Insgesamte Zeit an diesem Tag: 16:00 h
Tag 6
Am Samstag bin ich erst um 9 Uhr aufgestanden und habe mich lange Zeit um mein Schreibtischprojekt gekümmert und danach wieder an meine anderen Projekte begeben. Dieser Tag war ziemlich durcheinander und anstrengend, mit einigen kurzen Unterbrechnungen. Deshalb habe ich abends, irgendwann nach 20 Uhr, ca. 2 Stunden geschlafen. Danach war ich dann bis etwa 4:30 Uhr nachts weiter an meinen Projekten am arbeiten.
Insgesamte Zeit an diesem Tag: 17:00 h
Tag 7
Am Sonntag bin ich erst um 10 Uhr aufgestanden und habe erst um 11 Uhr angefangen an meinen Projekten zu arbeiten. Mittags habe ich mich für einige Zeit in die Sonne gelegt. Ins Bett ging es um 23:30 Uhr, zumindest wieder etwas früher 😀
Insgesamte Zeit an diesem Tag: 11:55 h
Fazit
Auch wenn es mit Sicherheit einiges an unproduktiver Zeit gegeben hat und ich mir zu viel vorgenommen habe, komme ich rechnerisch auf 100:20 h.

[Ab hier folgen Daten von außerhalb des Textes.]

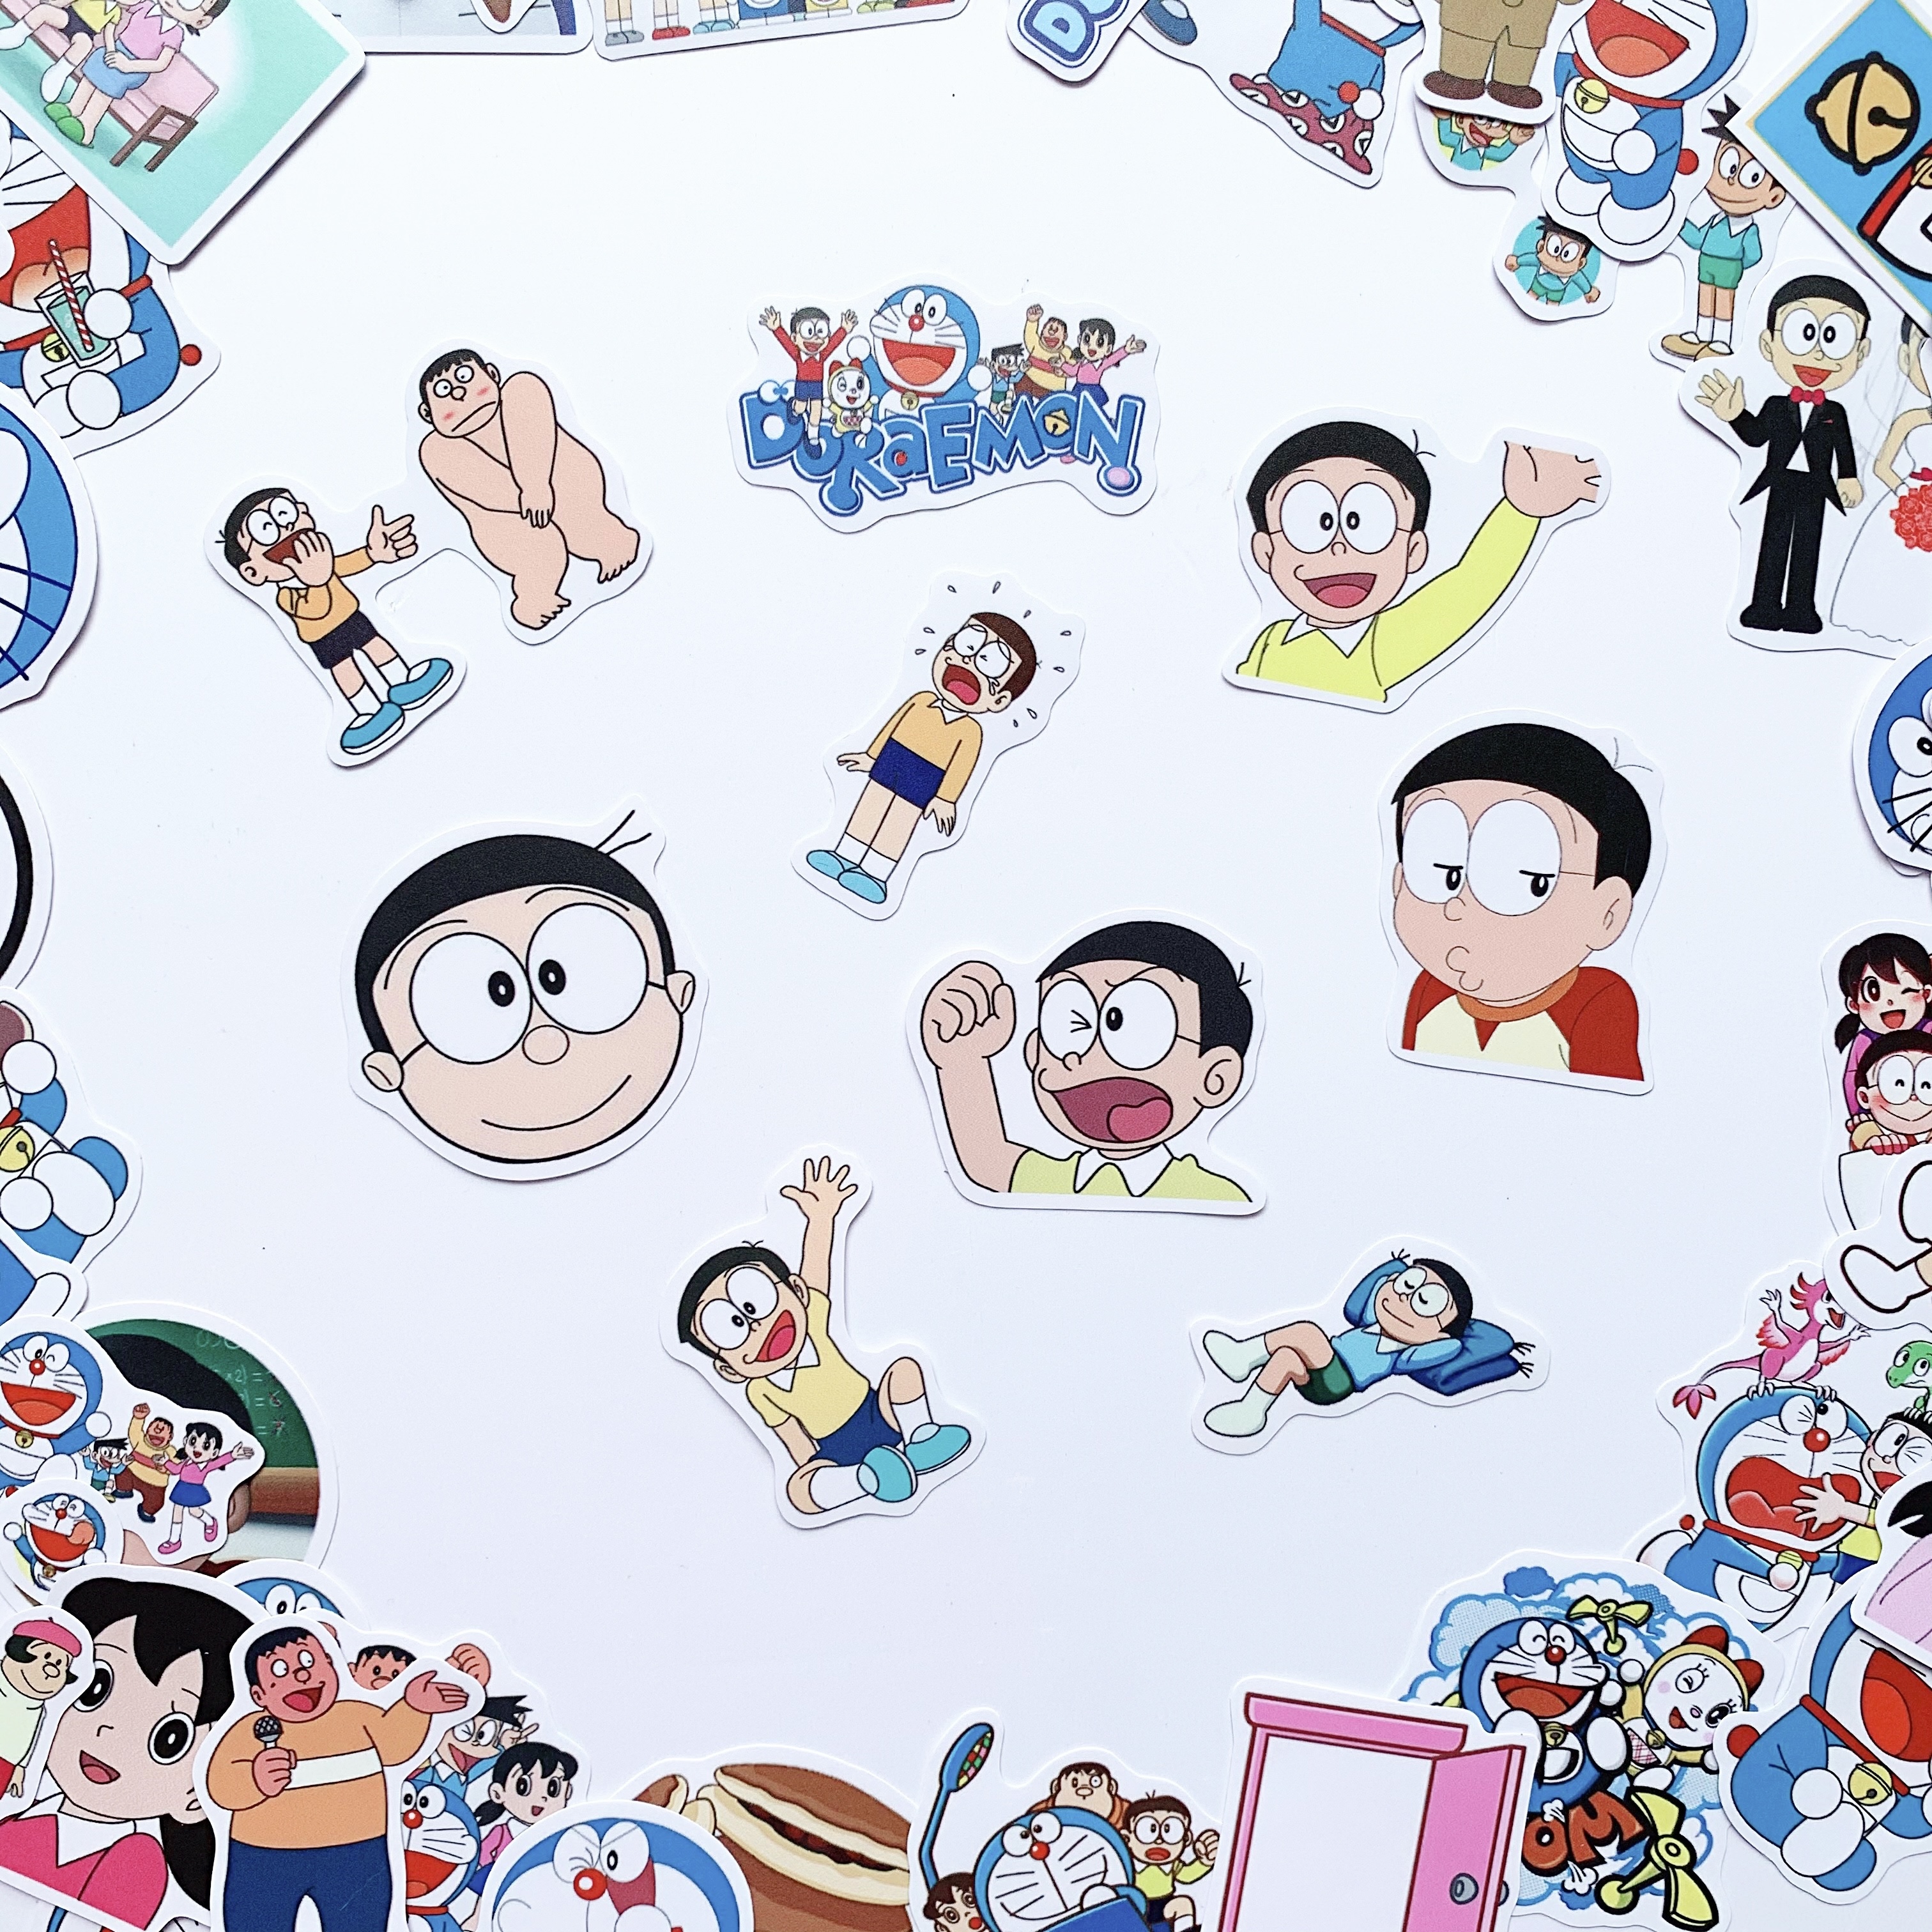 Nobita - Doraemon và những người bạn Sticker ngẫu nhiên  - Chất liệu PVC chất lượng cao chống nước - Kích thước 4-8cm

Es ist schon wirklich nicht einfach 100 Stunden die Woche „fokussiert“ an etwas zu arbeiten. Zu denken man würde 100 Stunden arbeiten, obwohl man dabei viel Zeit vertrödelt, allerdings schon. Leider sind solche Hiobsbotschaften, wie die Kurzarbeit, oder sonstige Unterbrechungen die einen auch kopfmäßig „belasten“ problematisch. Vermutlich kann man diese nur wirklich gut ignorieren, wenn das finanzielle Polster so gigantisch ist, dass einem einfach alles egal sein kann. Oder wenn einem grundsätzlich einfach alles völlig egal ist 😀
Als komplett gescheitert würde ich meinen Versuch nicht ansehen, jedoch würde ich 100 Stunden nicht empfehlen. 70 bis 80 Stunden halte ich jedoch für durchaus machbar und noch relativ gut mit dem Alltag vereinbar, wenn man die Stunden pro Tag reduziert bzw. einen „Gammel“-Tag einwerfen kann. In Zukunft werde ich defintiv versuchen mehr Stunden fokussiert zu arbeiten und störende Umstände besser auszublenden.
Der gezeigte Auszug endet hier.